Design include models of components with stand-offs and mounting holes that can be used for reference on other projects.
- Pi A+
- 3.5" PiTFT
- Powerboost 500C
- 2500mAh battery
- Slide switch holder
115.5mm x, 72.5mm y, 31.5mm z. The parts will fit on all of the open source 3D printers in the Adafruit shop.
We recommend using PLA filament for minimal warping and best quality. We encourage the experimentation of other filaments like copperFill and SemiFlex for special applications.
CURA Slicer Profiles
Our slicer settings for CURA are available to download and import. You can use these profiles as a starting point to dail in your machine.
You only need TWO wires for the slide switch. These will connect to EN and GND on the Powerboost.
Prep slide switch
Let's start by measuring three pieces of 26AWG silicone cover stranded-core wire to approximetly 11cm in length. We'll also need three pieces of heat shrink tubing.

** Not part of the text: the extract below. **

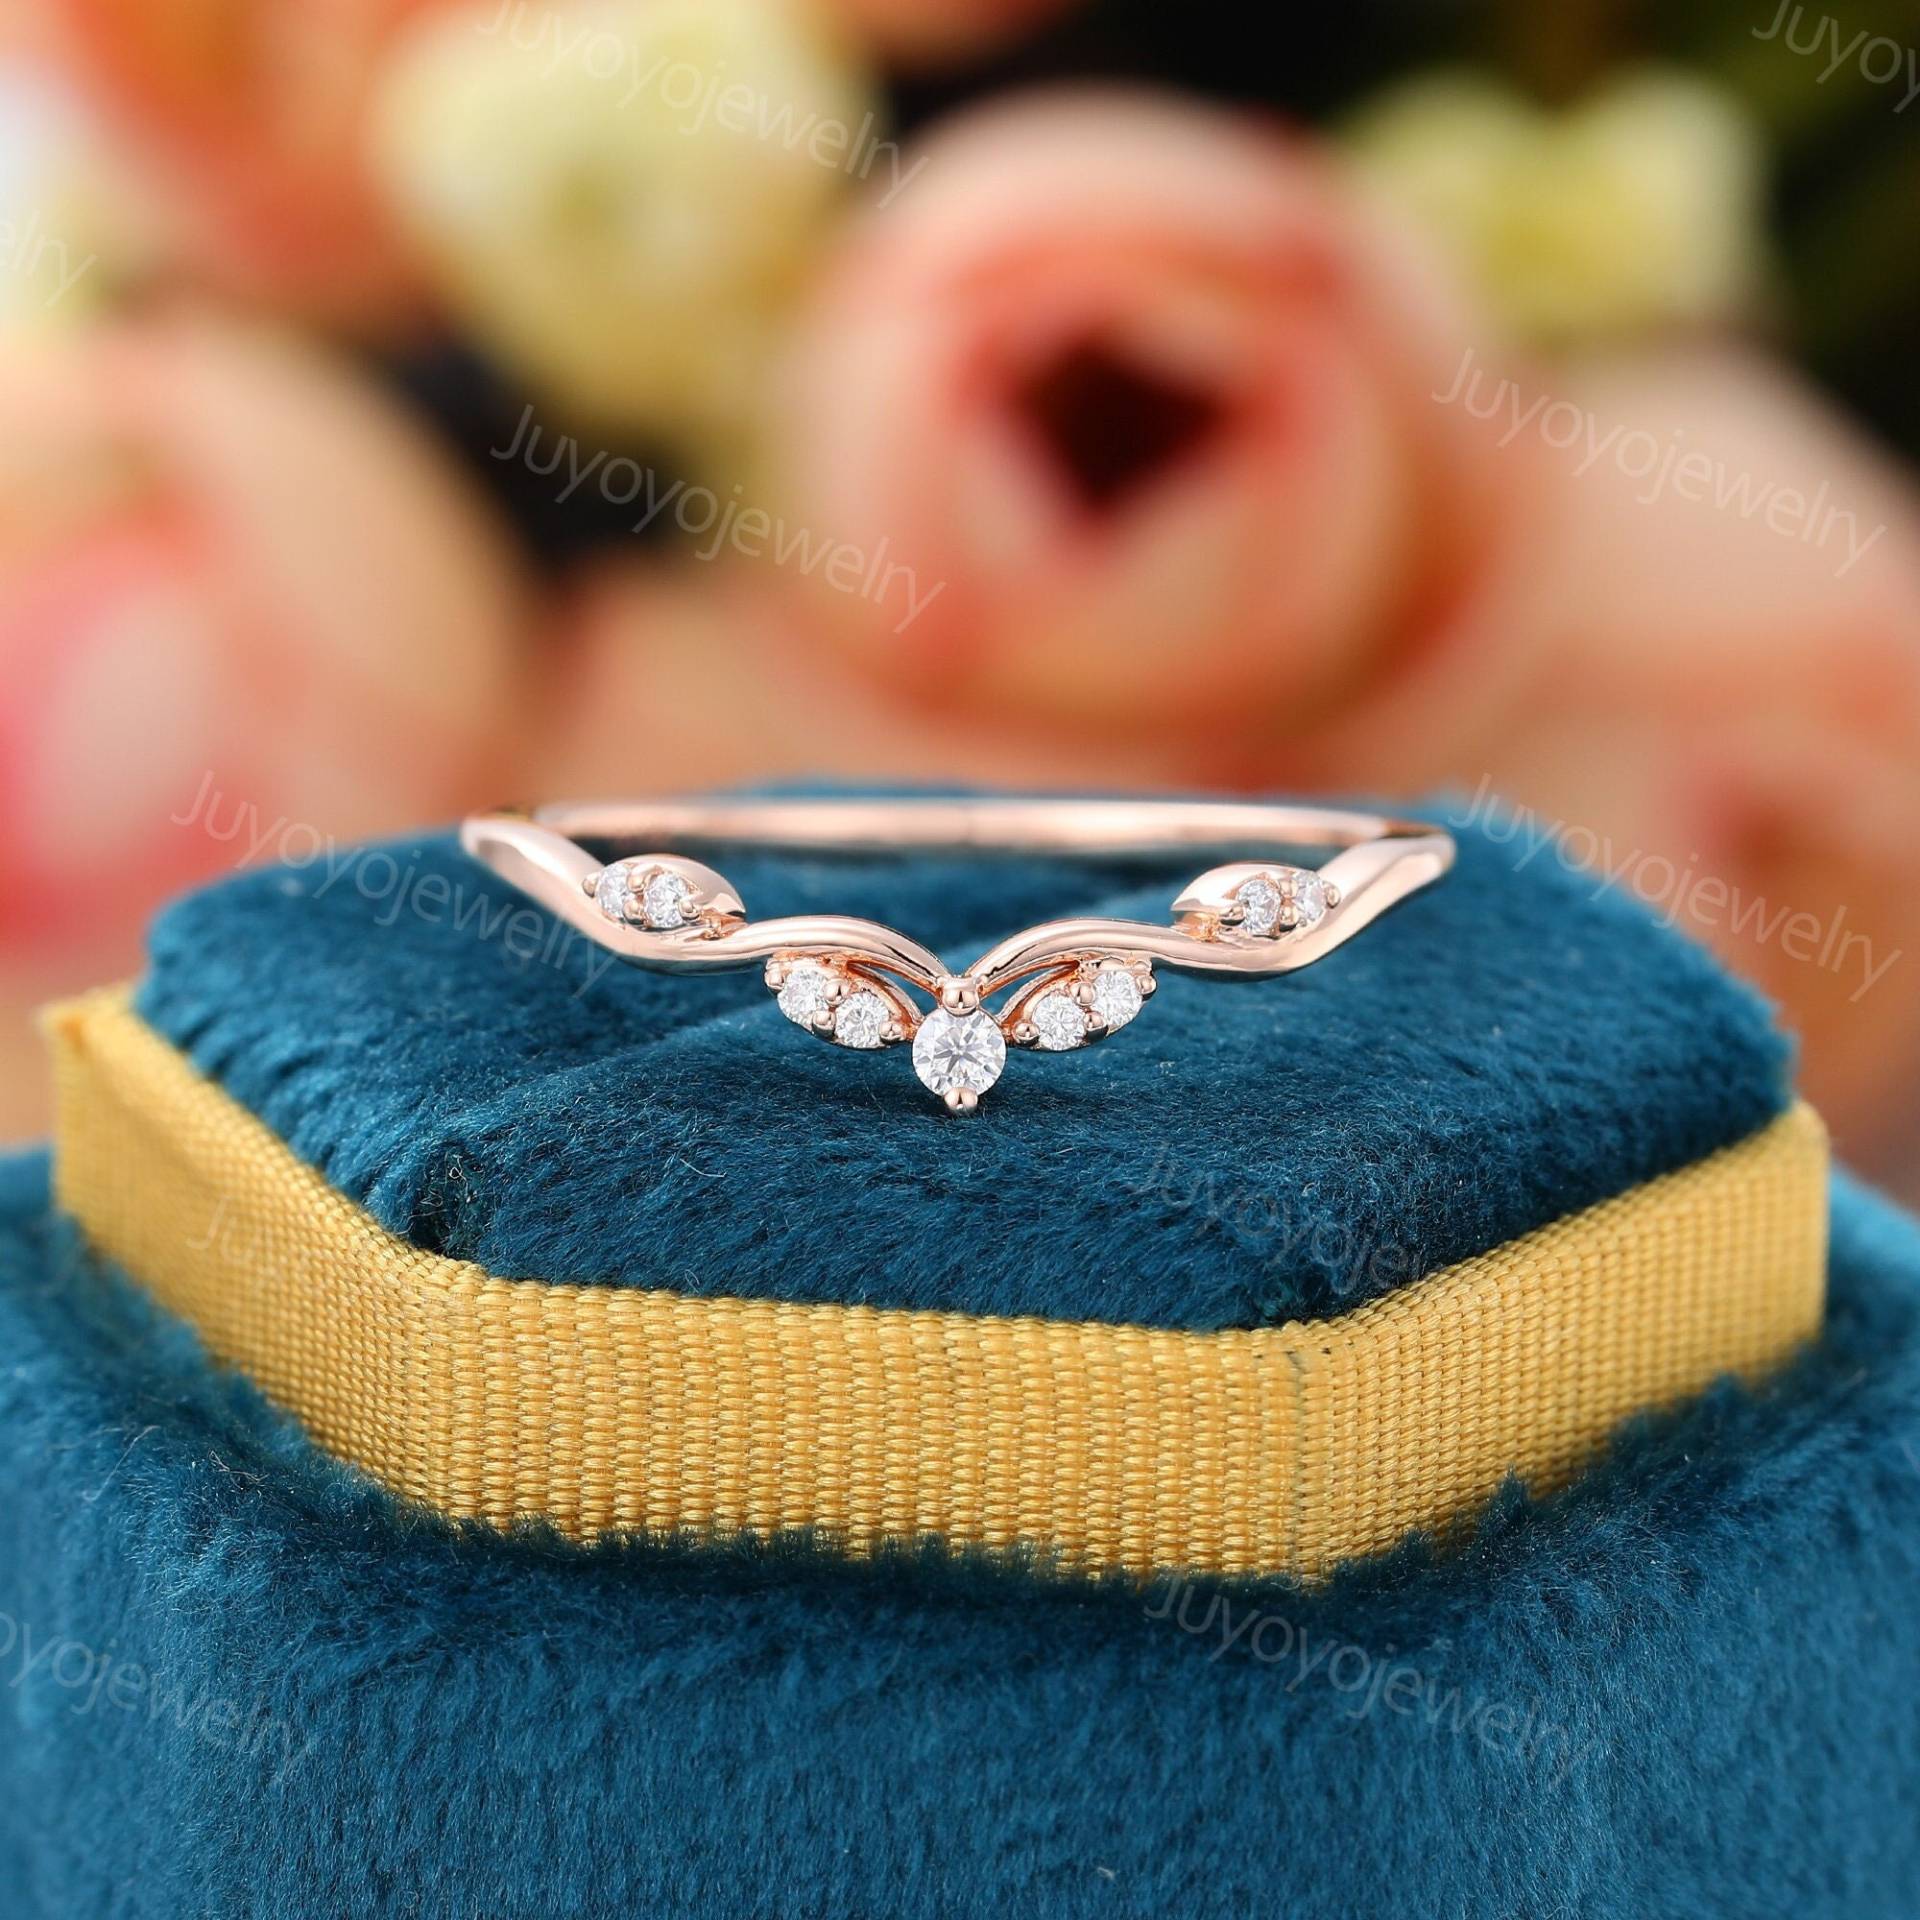 Einzigartiger Curved Moissanit Ehering Vintage Rosegold Trauring Diamant Zierlicher Brautring Passender Hochzeit Stapelring Für Frauen von Juyoyojewelry

You only TWO wires, NOT Three!
Slide switch wires
Each wire should have ends stripped and tinned with solder. The colors are nice and help tell connections apart but it's not required - use what ever you have.
Mount the slide switch to the Panavise Jr.

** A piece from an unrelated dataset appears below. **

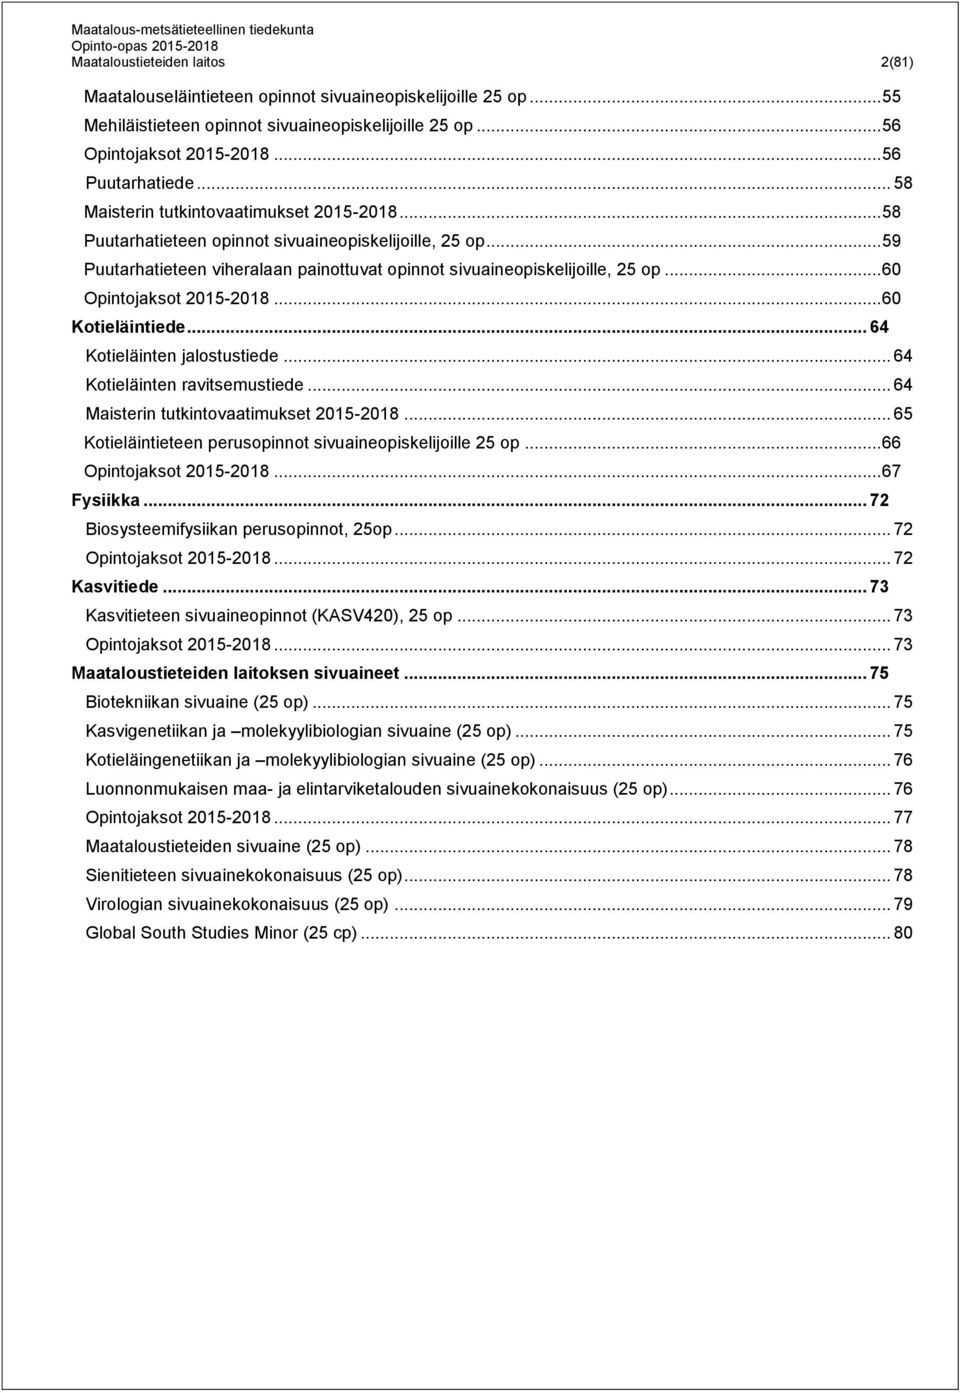 .. 60 Opintojaksot 2015-2018... 60 Kotieläintiede... 64 Kotieläinten jalostustiede... 64 Kotieläinten ravitsemustiede... 64 Maisterin tutkintovaatimukset 2015-2018.

Place the slide switch into the Panavise Jr. with the terminals facing outward.
Only TWO wires, NOT THREE!
Add heat shrink tubing
Insert the pieces of heat shrink tubing to each wire.

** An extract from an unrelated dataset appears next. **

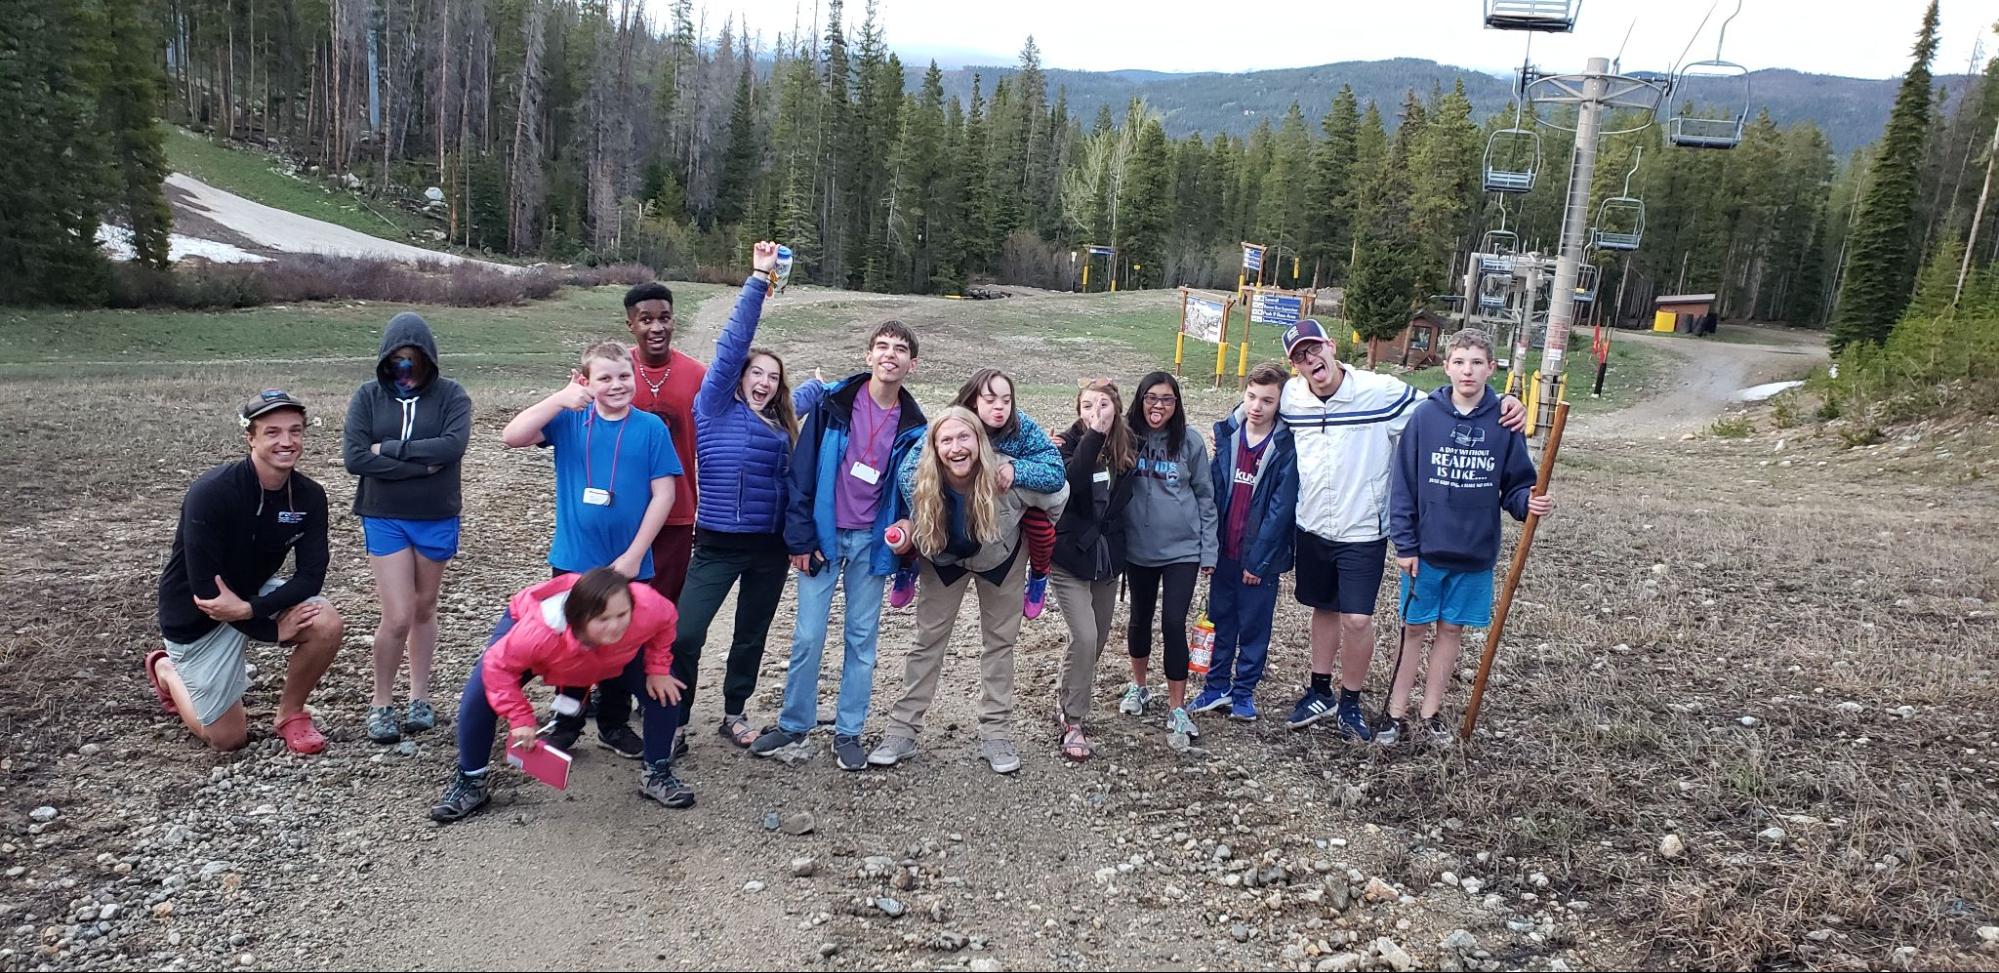 Camp Big Tree participants in Breckenridge, Colorado

DO NOT connect any wires from slide switch to BAT!
Prep jumper wires
Ideally you want to use longer female/female or male/female jumper wires. 40 x 6" is suffice but the 3" may be too short. In my case I only had shorties so I combined two wires together to make longer cables.
Prep Jumper wires
Break off two pieces of jumper wires and cut off the ends from each wire, leaving just one female jumper connector. Strip the ends and tin with solder.
OMG, DO NOT connect any wires from slide switch to BAT on the powerboost.
Wire jumpers to Powerboost 500C
Insert the tinned ends of the jumper wires into the postive and negative pins on the Powerboost 500C. Solder wires in place.
Carefully wrap the 2500mAh lithium polymer in gaffers tape. This will allow for more protection on the surface to prevent it from being punctured.
Test Power Circuit
Plug in the JST connector from the battery to the JST port on the Powerboost 500C. The blue LED should turn on.
If the LED does not turn on, double check your wiring.
That's it for the power circuit! The next pages will walk through mounting the components to the enclosure.
Mounted Powerboost 500C
The PCB is mounted to the top enclosure part with a single screw. Fasten the screw all the way until it's flush with the enclosure.
Install slide switch
Place the slide switch into the cut out with two clips. Wrap the wiring around the socket header and through the GPIO pins. Insert the slide switch into place.
Plug in the JST connector from the 2500mAh battery into the JST port on the Powerboost 500C.
Place the battery on top of the 3.5" PiTFT away from the GPIO socket and header.
The 2500mAh lipo battery can rest over the wiring. The JST cable is behind the slide switch in this case. The battery should stay in place once the Raspberry Pi A+ is plugged in.
All of the components should be mounted to the enclosure parts. Double check your wiring and ensure there are no kinks.
In the next steps we'll close everything up!
Position the two enclosure parts and carefully join the Raspberry Pi A+ GPIO header with the socket on the 3.5” PiTFT display. Double check to ensure the all pins are goin into the socket properly - Press them firmly together.
Insert four #4-40 3/8 flat Phillips into the bottom enclosure part with the recessed stand offs. Fasten until screw reaches through stand off.
Turn on the Powerboost 500C with the slide switch to test the circuit. The Raspberry Pi A+ should boot.
Finished Touch Pi
And thats it! Now we have a portable Raspberry Pi with touch screen. The battery can be recharged using microUSB. The microSD card, USB, HDMI, audio jack and microUSB port are accessible. The device can be tethered to USB power for extended use cases.